= Rocester Abbey =

Medieval monastic house in Rocester, Staffordshire, England

Rocester Abbey was a medieval monastic house at Rocester, Staffordshire, England of which there is now no trace above ground level.

The Augustinian abbey of St. Mary, Rocester was founded in Dovedale between 1141 and 1146 by Richard Bacon, a half brother-in-law of Ranulph, 6th Earl of Chester and a son-in-law of Hugh de Kevelioc, the previous earl. The Earls of Chester were the early patrons of the abbey until the death of the 7th Earl in 1237, after which the earldom was annexed to the Crown, who thereby took over the patronage. Nevertheless, the abbey, a relatively small one, was also commensurately poor. Improved funding in the 13th century and the granting to them of the right to hold a weekly market and an annual fair at Rocester improved their situation.

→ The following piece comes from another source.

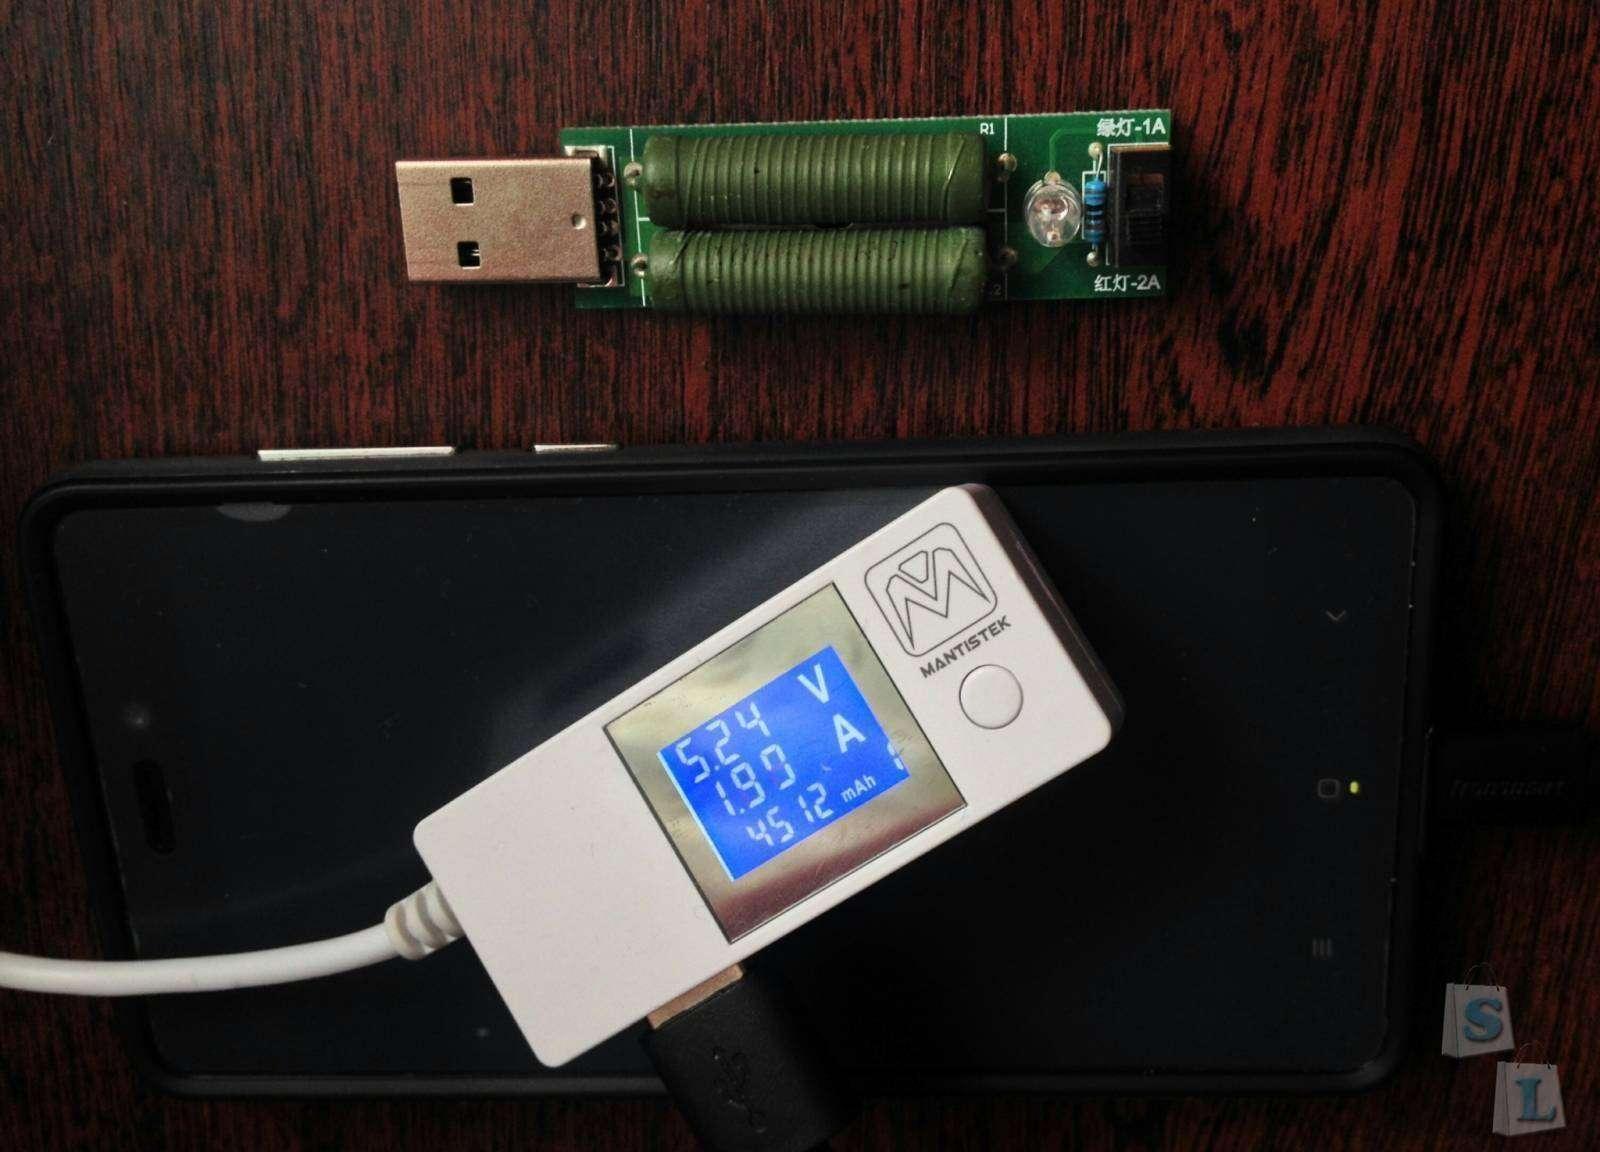 TomTop: Обзор зарядного устройства Dodocool Quick Charge 3.0, и небольшое сравнение с Tronsmart TS-WC3PC

In 1538, the abbey was finally dissolved as part of the Dissolution of the Monasteries. At the time the abbey was dissolved there were only 9 monks there, including the abbot. Most of the building was dismantled for its reusable materials and the land sold to Richard Trentham, the MP for Shropshire. He relocated his family there, where a manor house was built, and the property subsequently passed down in the Trentham family.

The site today is known as Abbey Fields and is an open space with traces of an earlier Roman Fort.